CA 334 novembre 2023
mercredi 15 novembre 2023, par
On constate depuis plusieurs années une montée des mobilisations sur les questions environnementales et contre des projets d’aménagement voulus par l’Etat en contradiction flagrante avec son discours écologiste convenu. Récemment, de nombreux collectifs ont commencé à apparaître un peu partout, souvent en dehors des grandes villes. Nous vous livrons ici quelques réflexions issues d’un débat sur ces questions aux rencontres libertaires de l’OCL cet été.
Les luttes dites de territoire sont menées dans un espace géographique, humain, économique et culturel spécifique que ses acteurs connaissent et maîtrisent relativement bien car ils y vivent, y sont insérés et en sont les forces vives. Ces luttes naissent contre des projets technocratiques et/ou antisociaux qui vont bouleverser cet espace et qu’une partie des habitants refuse.

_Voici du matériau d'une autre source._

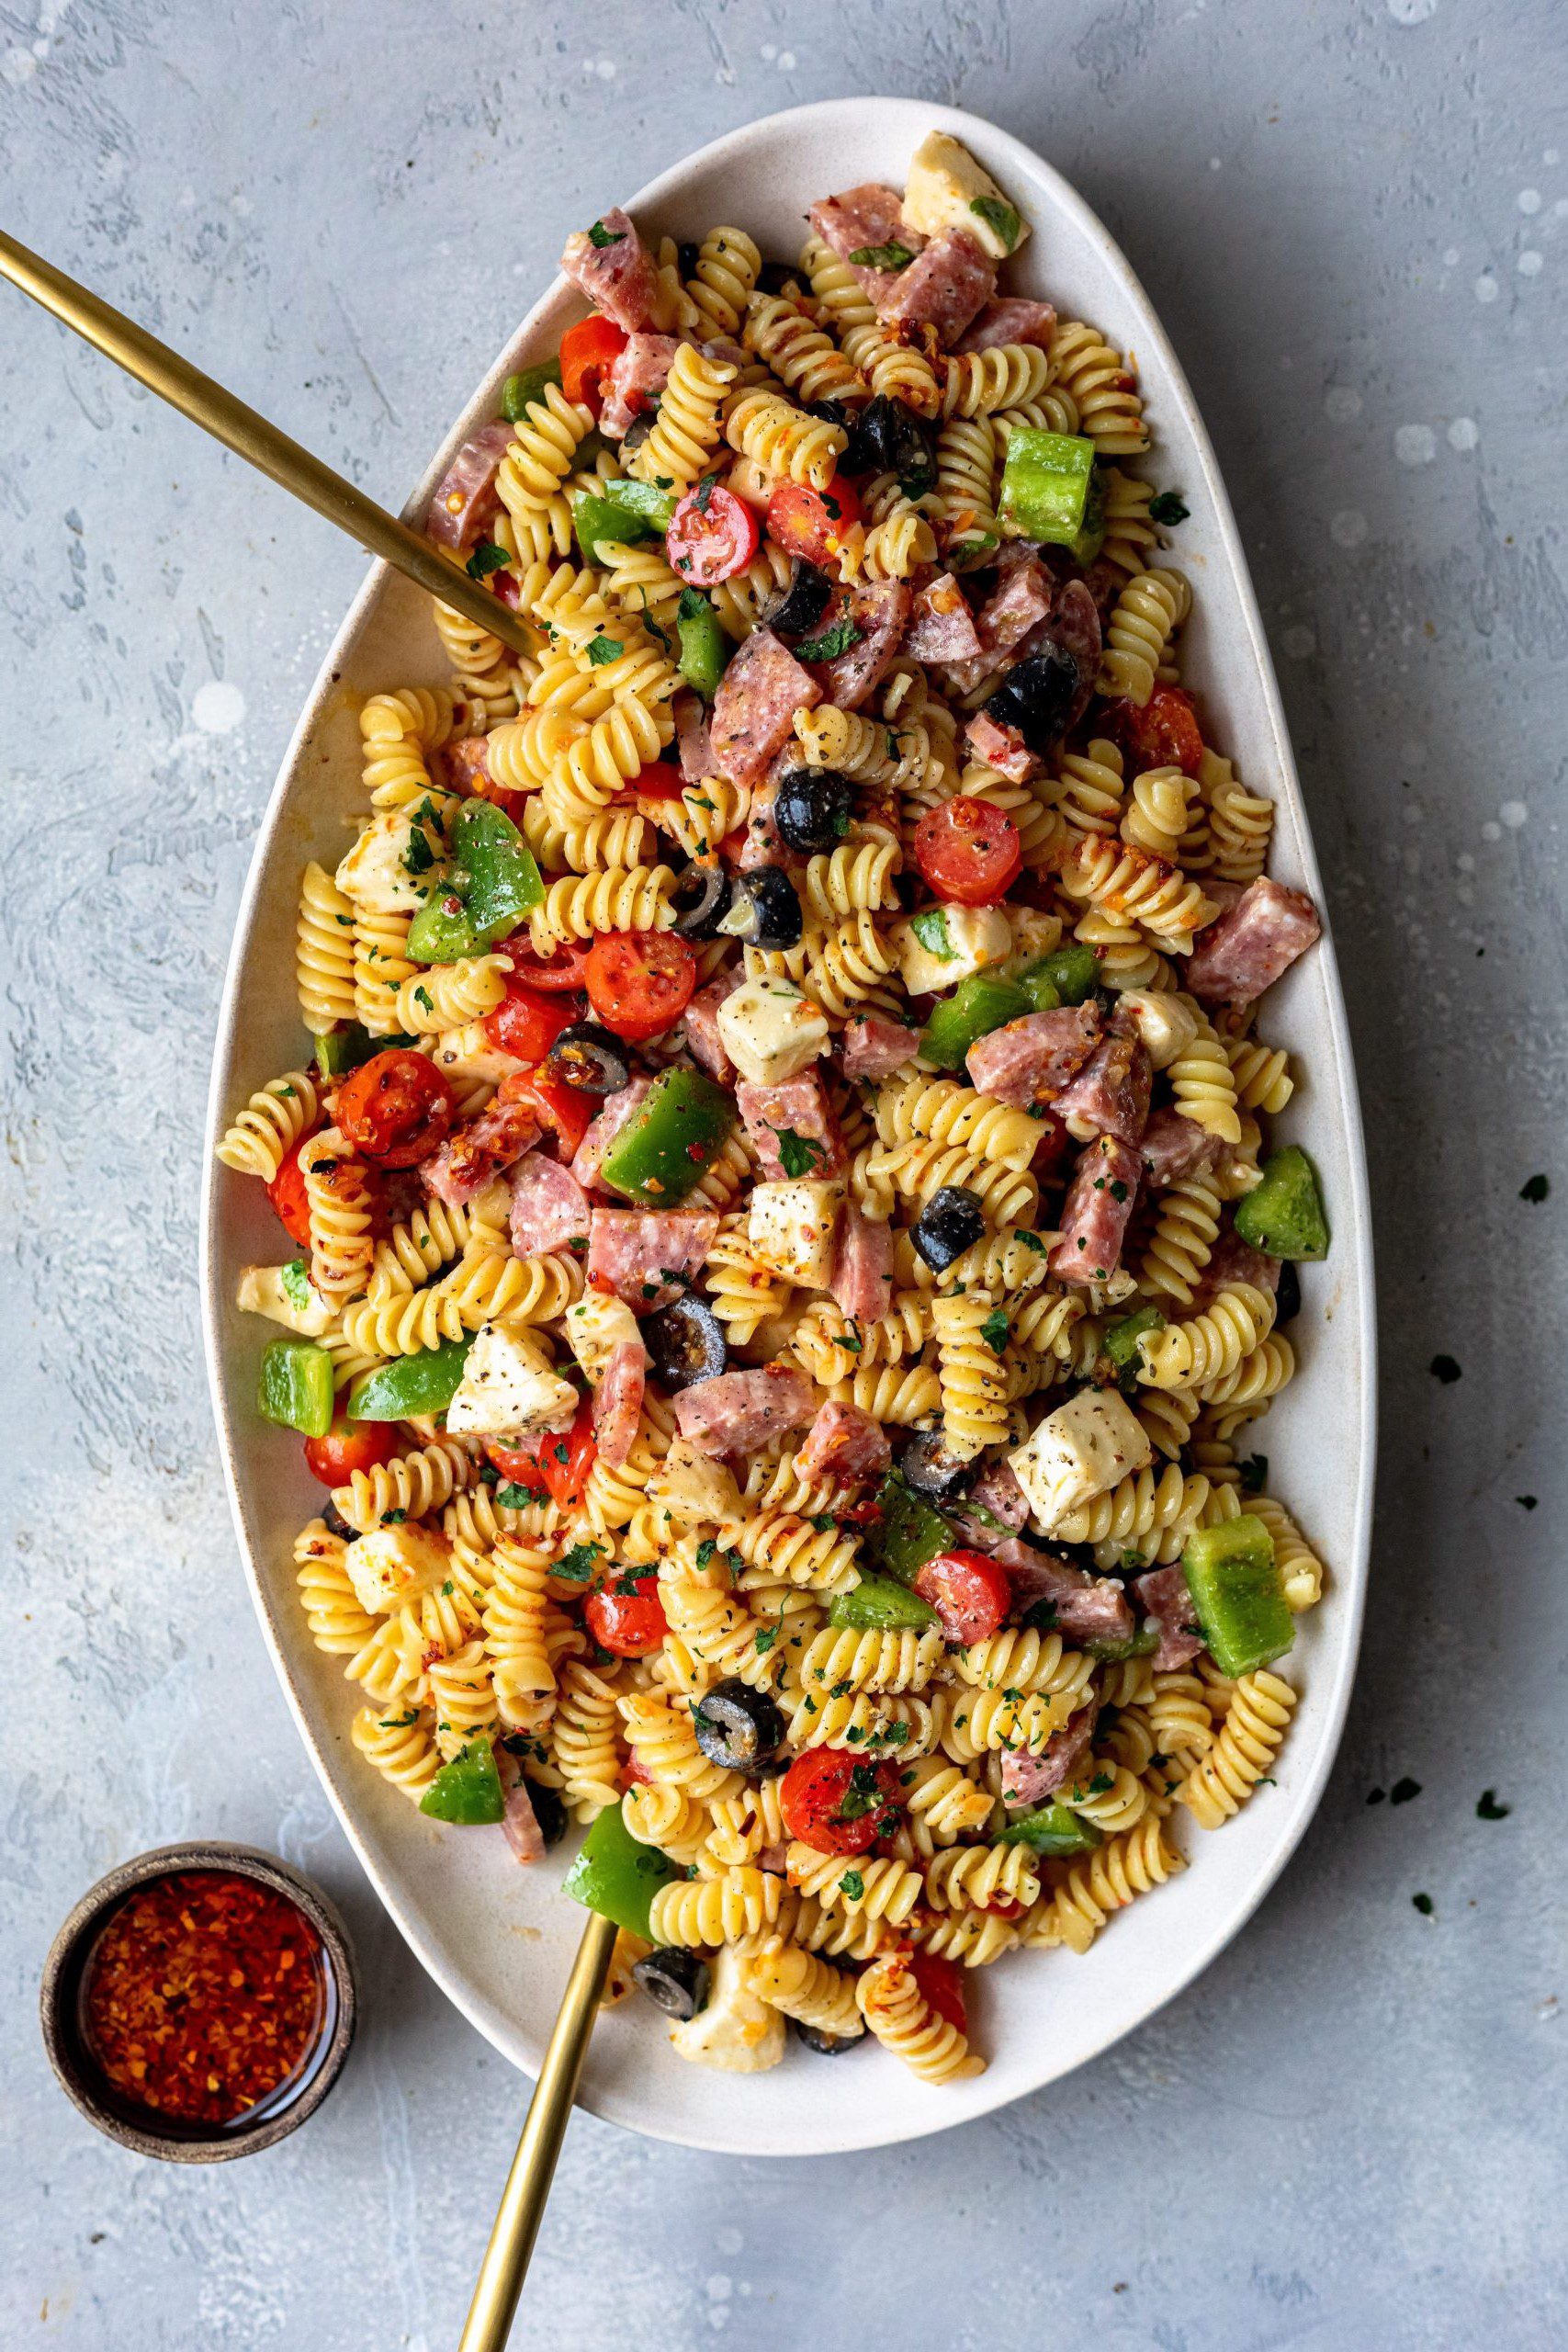 A serving platter full of pasta salad made with cooked italian meats, green bell peppers and sliced black olives.

Elles sont le plus souvent tout le contraire du fameux syndrome Nimby (« Pas dans mon arrière-cour »). Ce n’est pas parce que c’est SON territoire qu’on s’oppose à ces projets ! C’est parce qu’on est contre tout ce qu’ils signifient en termes de conception des rapports sociaux et de la façon dont les décisions sont prises. Et quand ce n’est pas le cas au début, cela apparaît de plus en plus clairement à mesure que la lutte se développe : les « ni ici ni ailleurs » ont supplanté les « pas chez moi, ailleurs si vous voulez » ! Le « … et son monde » accolé au rejet d’un projet indique plus une volonté de globalisation qu’un repli frileux.

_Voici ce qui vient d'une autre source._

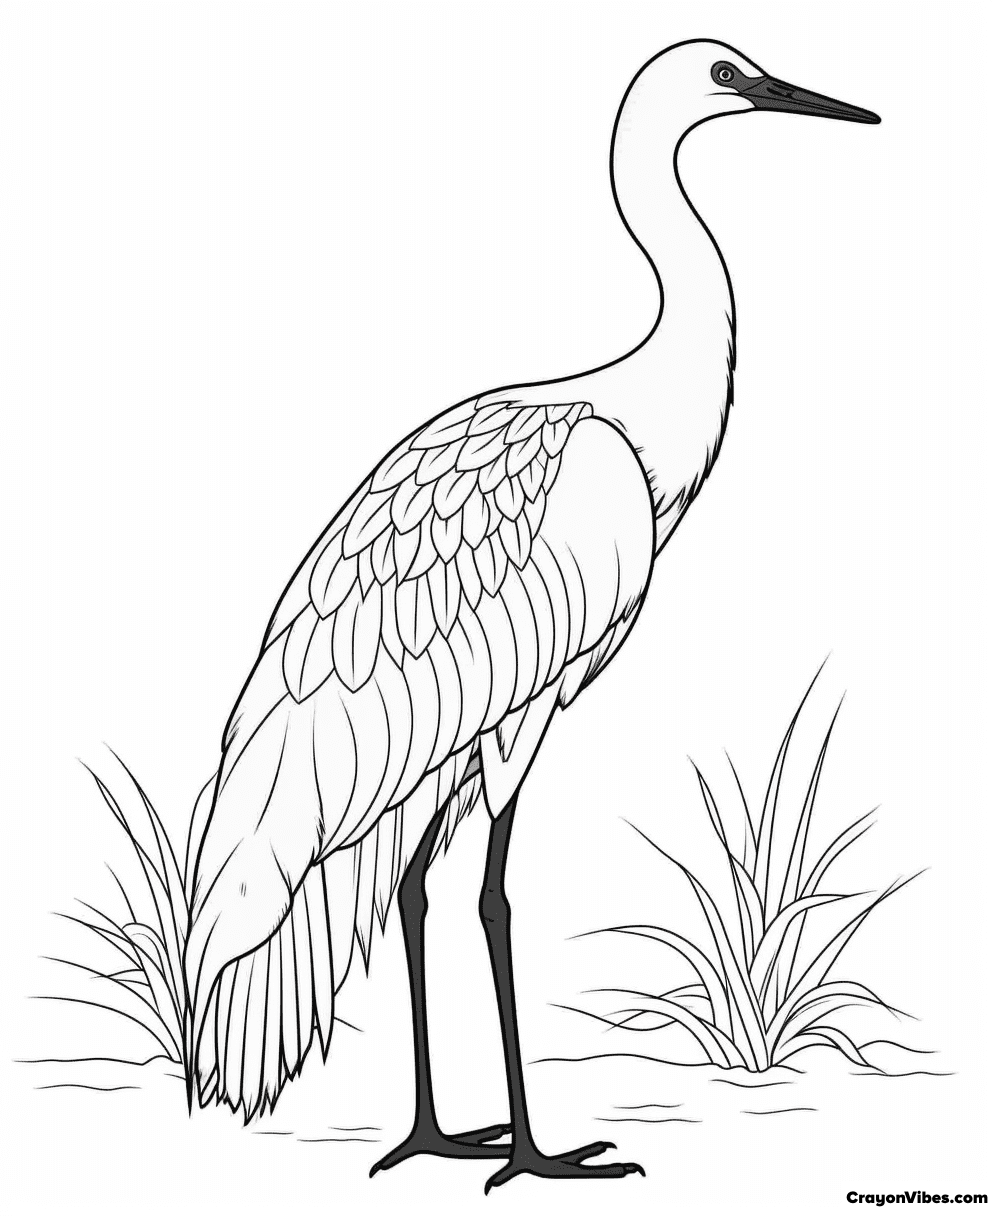 Crane Bird Coloring Pages Free Printable for Kids and Adults

Le territoire, c’est le lieu dans lequel nous vivons et maîtrisons le mieux pour agir efficacement car nous en connaissons la géographie, l’histoire, l’économie, les gens, les rapports de force. Ses limites ne sont pas tracées sur le papier par des aménageurs technocratiques, elles sont celles en deçà desquelles nous nous sentons de taille à affronter l’adversaire, et au-delà desquelles nous commençons à perdre pied au profit de l’adversaire par manque de connaissances et d’intimité avec le terrain. Des identités se construisent dans ces espaces en lutte qui semblent maîtrisables.
Connaître, c’est la condition sine qua non pour contrer la bureaucratie étatique extérieure, mais aussi celle qu’un mouvement peut générer de lui-même à l’intérieur. Les bureaucrates, eux, n’ont pas de territoire dans le sens où nous l’entendons. Le leur, c’est celui qu’ils tracent sur une carte, c’est celui qu’ils veulent administrer depuis leur bureau en fonction de leurs intérêts ou de ceux pour lesquels ils travaillent.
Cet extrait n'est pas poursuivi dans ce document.